Zudem wurde 2002 genmanipulierte BT-Baumwolle zugelassen. BT-Baumwollsaatgut ist teurer: 1900 Rupien pro Kilogramm kostet es. Das traditionelle schlägt mit gerade mal 200 Rupien zu Buche. BT-Baumwollsaatgut muss zudem jedes Jahr neu gekauft werden, während das traditionelle wieder verwendet werden konnte. Ausserdem erfordert BT-Baumwolle einen viel höheren Einsatz von Pestiziden und Düngemitteln, was die Produktionskosten extrem in die Höhe treibt.
Der Einsatz von BT-Baumwolle hat dazu geführt, dass die Produktionskosten bis ins Zehnfache angestiegen sind –
und der Ernteertrag gleichzeitig geschmälert wurde.

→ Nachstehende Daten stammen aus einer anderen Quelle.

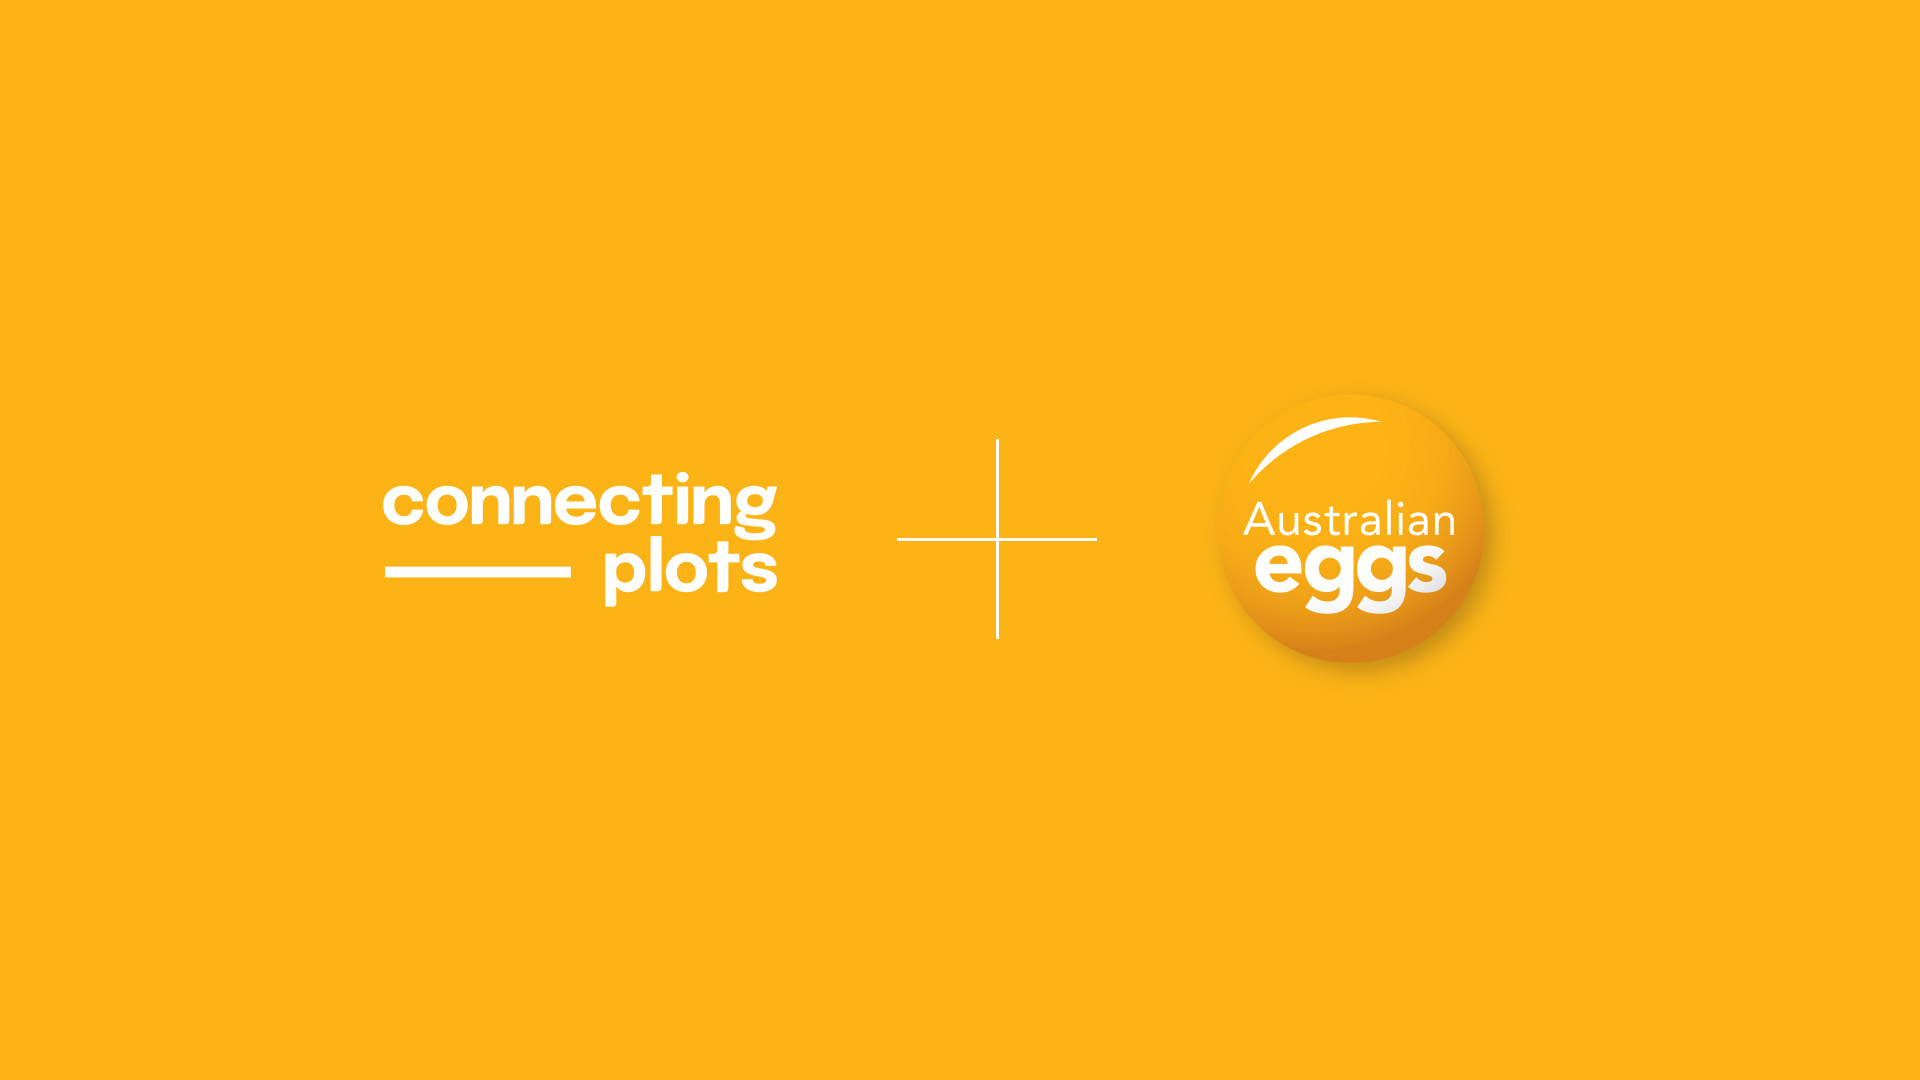 Australian Eggs appoints Connecting Plots as creative partner following a competitive pitch

Fehlende Bewässerungssysteme
Ursachen dafür gibt es viele. Die wichtigste für den dramatischen Ernterückgang liegt im nicht vorhandenen Bewässerungssystem. 90 Prozent aller Felder sind vom Regen abhängig. BT-Baumwolle ist nicht für Regionen geeignet, die über keinerlei Bewässerungssystem verfügen. Zudem wurden mit der genmanipulierten BT-Baumwolle neue, in Indien bisher unbekannte Schädlinge wie die Schmierlaus eingeführt, die ganze Felder zerstört.
Seit 2002 ist der Anbau von BT-Baumwolle in Indien stetig gestiegen. Während es 2002 noch 50’000 Hektar waren, sind es im Jahr 2011 schon mehr als 12,1 Millionen Hektar Anbaufläche. Damit zählt Indien zu den Ländern mit der grössten Anbaufläche von BT-Baumwolle – noch vor China.

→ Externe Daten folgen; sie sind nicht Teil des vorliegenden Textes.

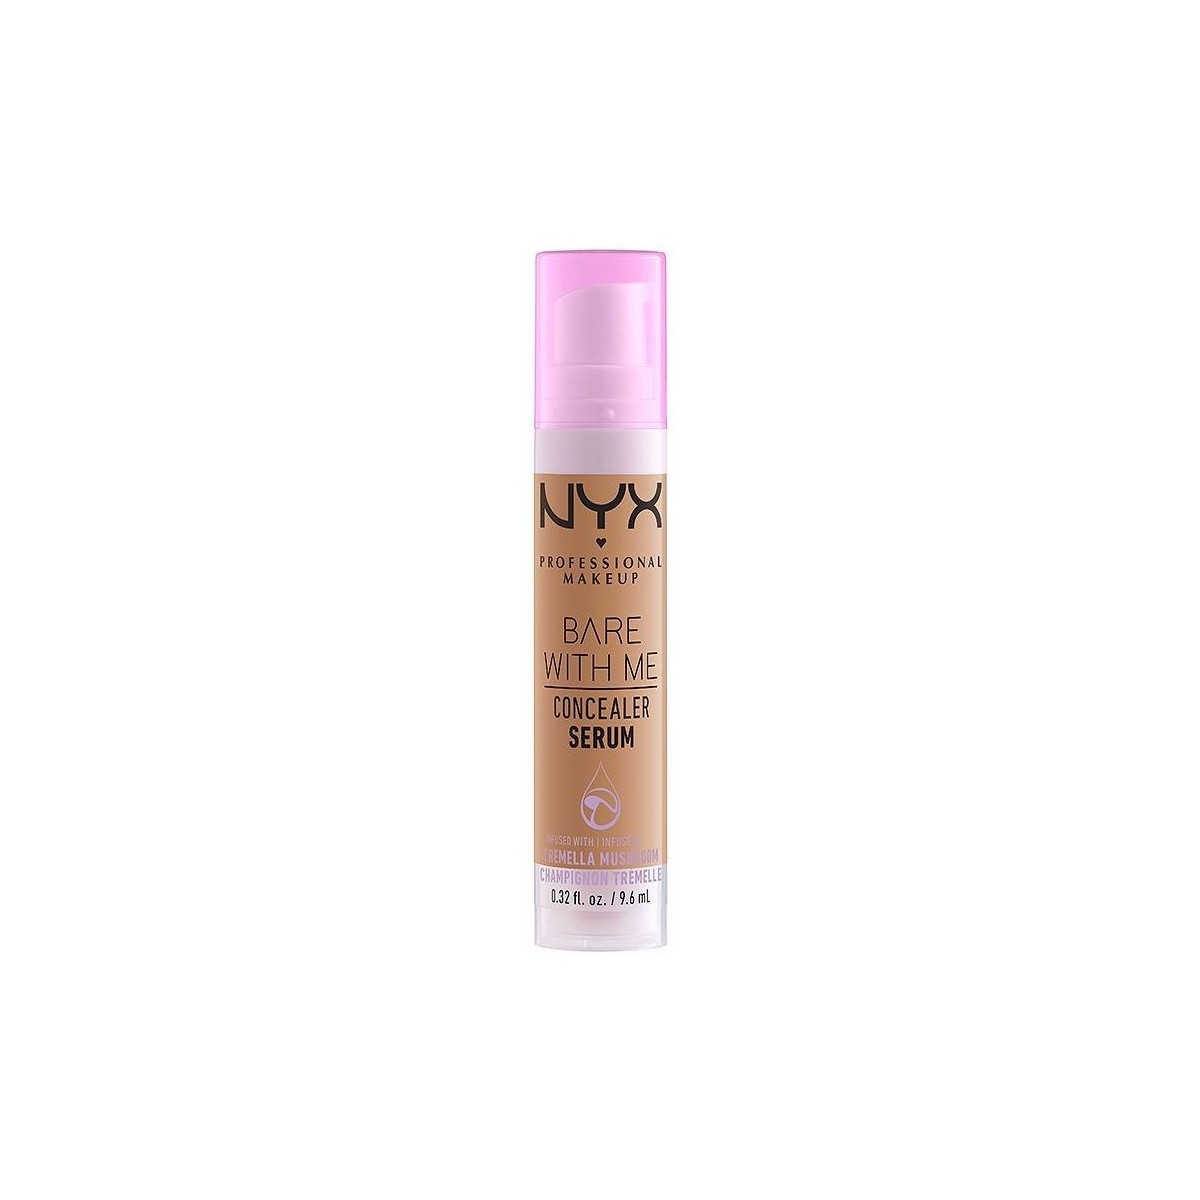 Beauty Make-up & Foundation  Nyx Professional Make Up Bare With Me Concealer Serum 08-sand

Mittlerweile gibt es nur noch BT-Baumwollsaatgut zu kaufen (alle indischen Saatguthersteller sind vom amerikanischen Unternehmen Monsanto aufgekauft worden). Es ist nahezu unmöglich auf das traditionelle Baumwollsaatgut auszuweichen. Die Bauern sind gezwungen, jedes Jahr aufs Neue das BT-Baumwollsaatgut zu den von den Konzernen festgelegten Preisen zu kaufen. So werden sie mehr und mehr in die Abhängigkeit von Saatgutherstellern und Chemiehändlern getrieben.

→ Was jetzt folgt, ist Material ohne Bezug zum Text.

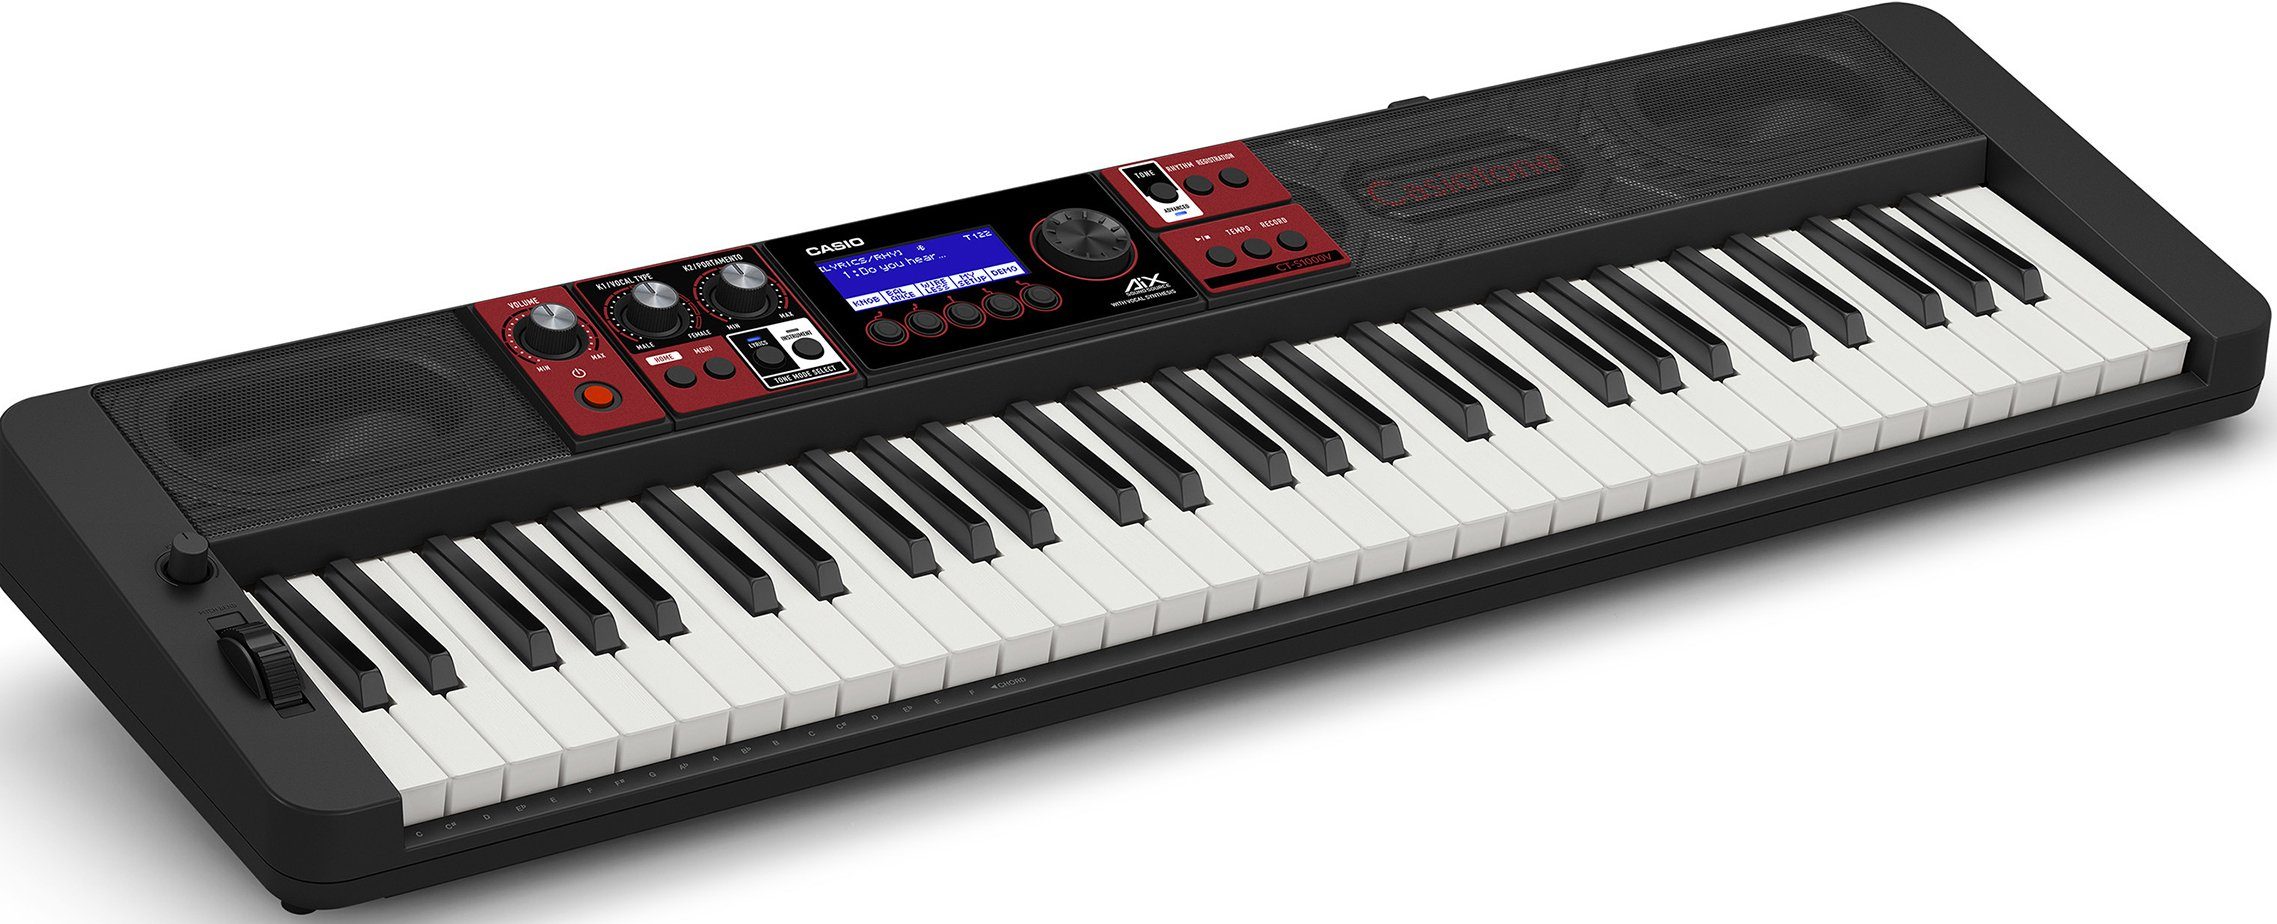 CT-S1000V, Home-Keyboard mit CASIO Bluetooth-Adapter

Zuflucht in den Metropolen
Die Region Vidarbha ist aufgrund der fehlenden Bewässerungssysteme für den traditionellen Anbau von Baumwolle ausgelegt. Ohne den Baumwollanbau würde die ganze Region aussterben. Zwar bauen viele Bauern mittlerweile Sojabohnen an, aber das ist nur ein Zusatzgeschäft. Schon jetzt sehen sich viele Bauern durch die ausfallenden Ernteerträge gezwungen, Zuflucht in den Metropolen Indiens zu suchen und sich als Tagelöhner zu verdingen. Oder aber sie betätigen sich in Vidarbha als Feldarbeiter.
Mit dem Erhalt der Baumwollplantagen in Indien steht also ein ganzer Berufsstand zur Disposition. Machen die Baumwollbauern weiterhin Verluste – und dafür spricht einiges – dann verliert Indien seine Bauern. Das dürfte verheerende Folgen für den Subkontinent haben, der zu 60 Prozent landwirtschaftlich geprägt ist.
Ich habe in Vidarbha, in der Region um Wardha, Baumwollbauern aufgesucht, die Witwen und Hinterbliebenen einiger verstorbener Baumwollbauern besucht und ihre dortige Lebenswelt dokumentiert.